My initial estimation was not, however, that I immediately understood all I was able to do. My several deaths to the first boss due to flubbing the controls are proof of that. Even so, the ease of grasping the core mechanics while seeing the potential for far greater things was refreshing.

Using the weapons in Armored Core 6 is also a treat. Somehow, almost all of them feel unique, powerful, and amazing to shoot. The starting kit is also one of the best setups you can run early in the game. It’s relatively fast, with good chase-down and damage output. Sure, you can do some more optimization to it. Adding a better-performing primary, some extra rockets, and swapping out a few body parts for more speed or survivability is never a bad call.

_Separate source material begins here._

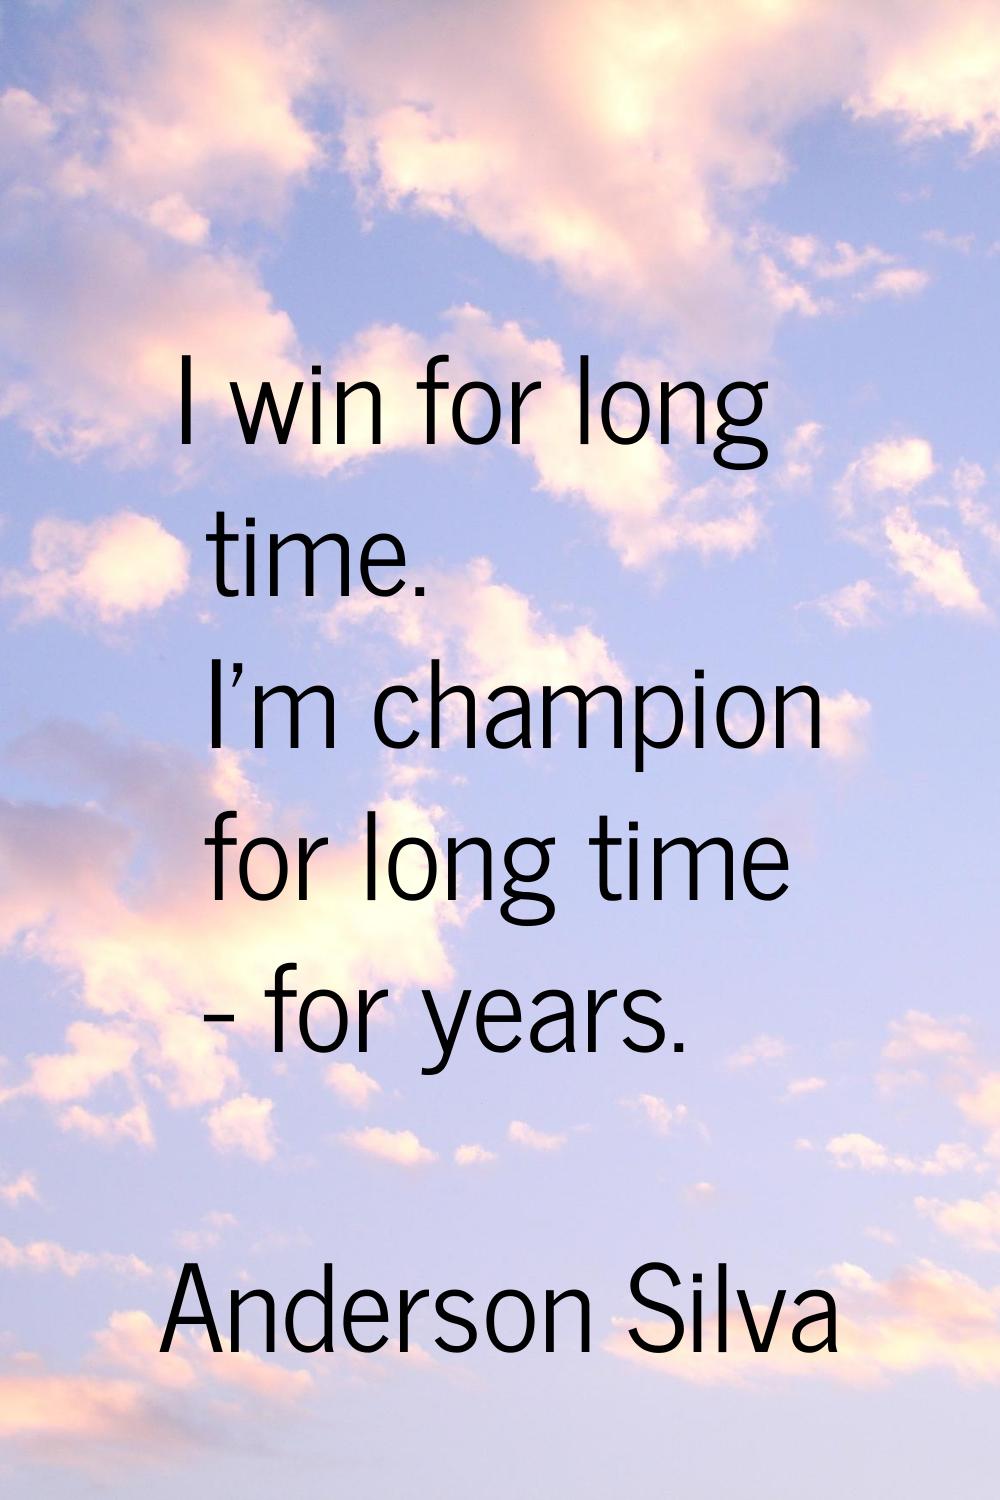 I win for long time. I'm champion for long time - for years.
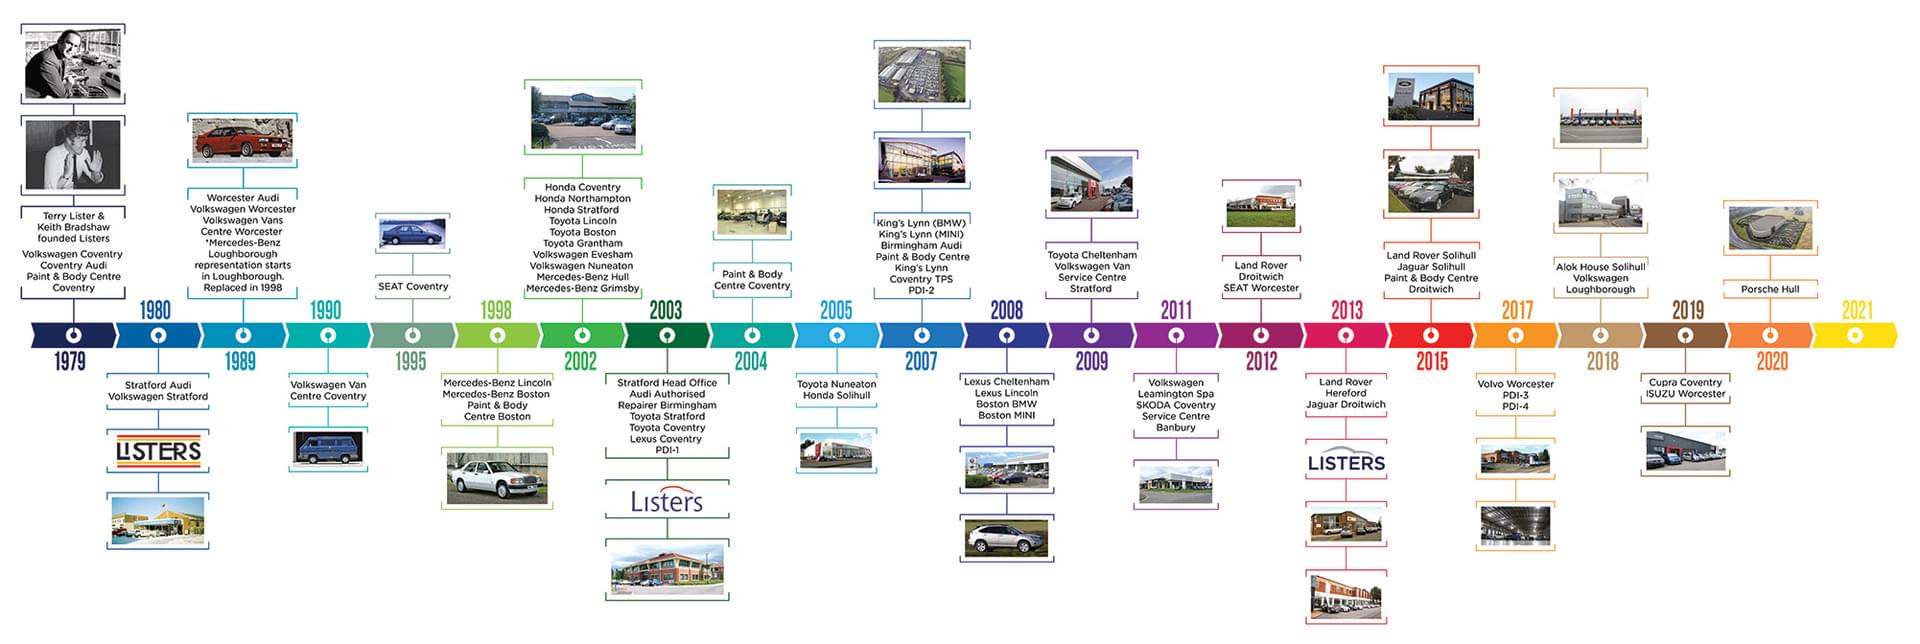 Listers History Timeline from 1979 to 2021

But as your starting class, it’s surprisingly effective. I took down Balteus with a build that wasn’t far from the starting one. But that was only because I’m stubborn and wouldn’t update my setup.

That’s not saying the game is perfectly balanced. It’s not, especially in PvE. About two-thirds through the campaign, you get access to two weapons that crack the story content wide open. The dual Zimmerman shotguns and dual Stun Needle Launchers are OP. This loadout essentially trivializes the entire game. I can count on one hand the number of missions where that setup doesn’t obliterate everything in sight.

It’s a testament to the combat design that using this broken setup is still too much fun. I was a bit disappointed in how even the final boss of each playthrough could do almost nothing about the Zimmerman/Stun Needle combo. Though, there are plenty of other weapons I can use now that I have access to the entire game.

A New Level of Level Design — With Story, Too

The Armored Core series has never been known for its stellar level design or storytelling. I can say unequivocally that Armored Core 6 changes one of those things. Where previous games were either massive open spaces or labyrinthine collections of tunnels and rooms, AC6 showcases one aspect that’s made FromSoftware levels famous: verticality.

It’s amazing how much removing the roof does for the moment-to-moment gameplay. That and taking the Dark Souls layered level design philosophy to all the internal areas. Every level in Armored Core 6 is enormous. Even the smallest being several kilometers wide and just as many tall.

There’s also a fair bit of FromSoft trickery on display. There are traps, ambushes, and plenty of hidden enemies and treasures scattered about each massive level. The level of mastery you can reach in just one of the game’s missions will make AC6 a speedrunner’s dream. Challenge runs will be just as much, if not more, fun than simply going fast.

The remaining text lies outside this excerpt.